A rule I try to go by is to say negative things about others, only to those who are a part of the problem or a part of the solution. “Alexander the coppersmith did me much harm.” Paul had good reason to inform Timothy about the matter as the next verse indicates. If Timothy had not been informed, he might likewise be harmed by him, perhaps become discouraged by his actions. Thus, by Paul informing Timothy, he could be a part of the solution by avoiding him (2 Timothy 4:14-15).

Whether we speak of blasphemy against God by using His name in a trite, careless, or evil way, or whether we are referring to “speaking against” another person in an unloving and disrespectful way, we will be held accountable.  Jesus said, “Every careless word that people speak, they shall give an accounting for it in the day of judgment.  For by your words you will be justified, and by your words you will be condemned” (Matthew 12:36-37). 

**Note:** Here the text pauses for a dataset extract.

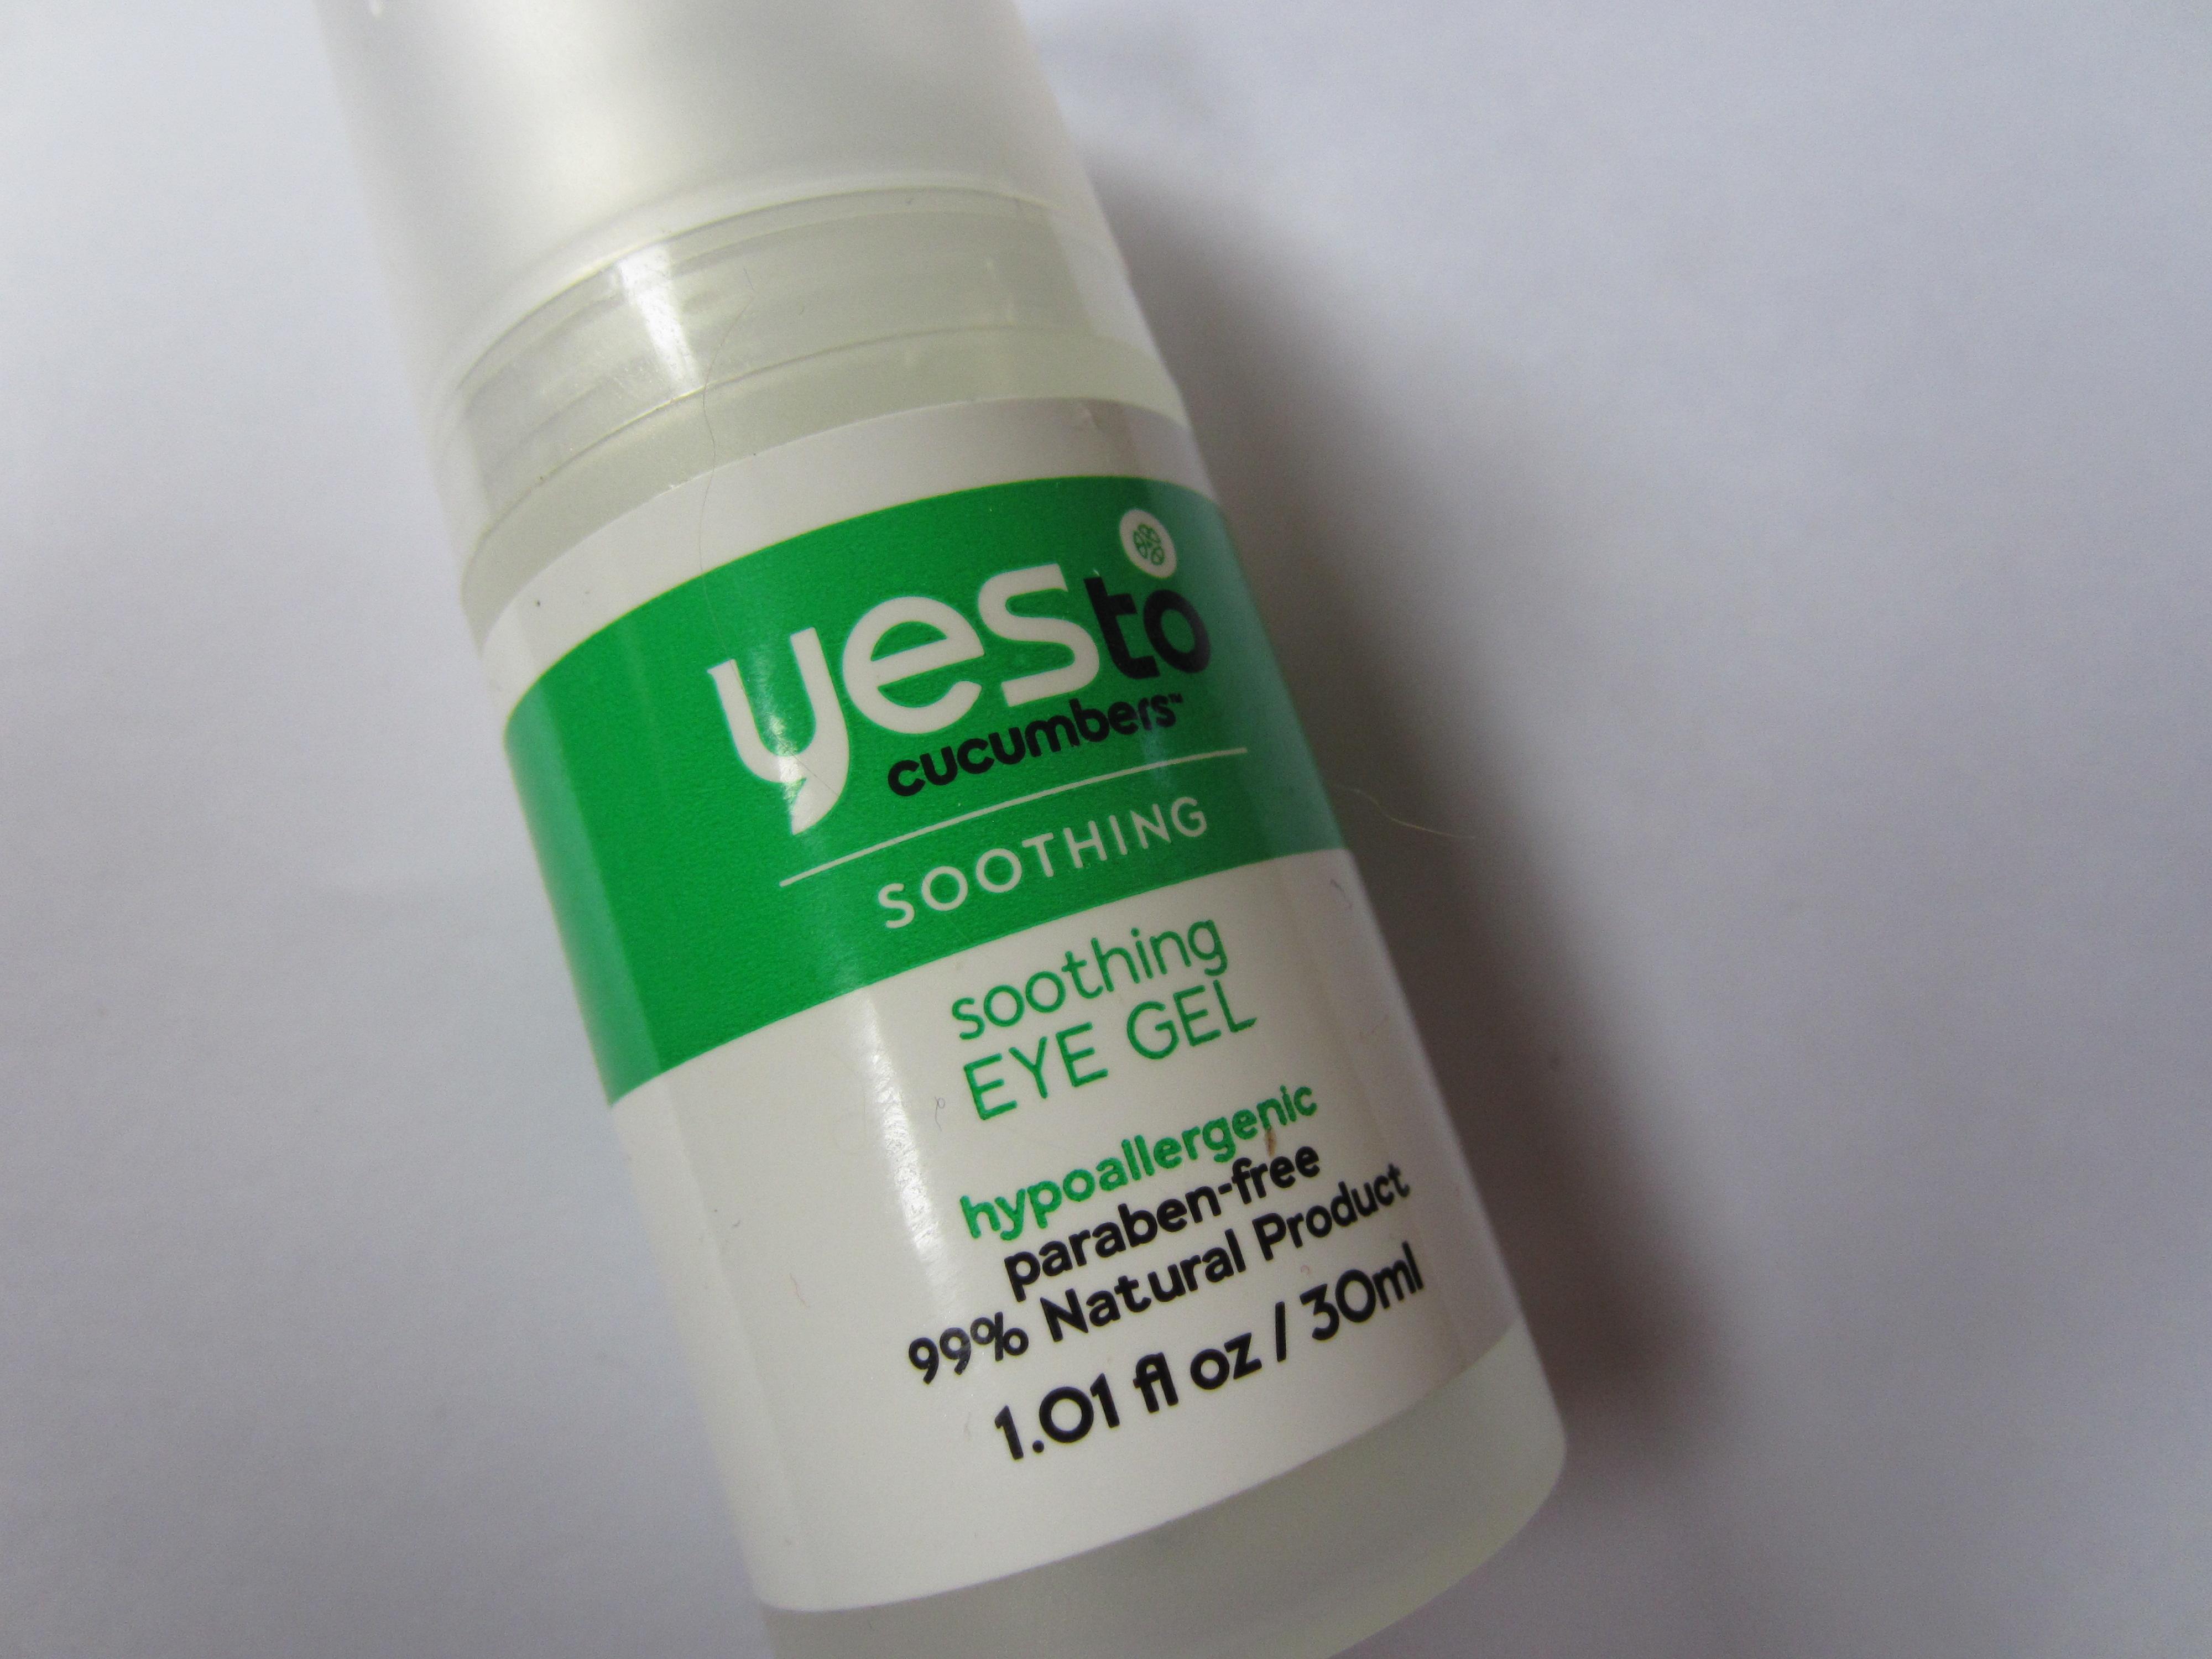 Yes to eye gel

What can we do when someone in our presence does take God’s name in a careless or disrespectful way or as a common curse word?  Someone suggests saying, “You are speaking about my Friend!”  Another person suggested, “Would you take your mother’s name as a swear word?  How, then, can you use the eternal God’s name in this way?”  Yet another approach would be: “Did you know that God said, ‘The LORD will not leave him unpunished who takes His name in vain’?” (Exodus 20:7)

 



[1] The American Heritage College Dictionary.

[2] Random House Webster’s College Dictionary.

[3] The American Heritage College Dictionary.

[4] Mounce, Expository Dictionary.

[5] Schlink, You Will Never be the Same, pp. 162-164.

[6] 1001 Illustrations That Connect (Grand Rapids: Zondervan, 2008), p. 487.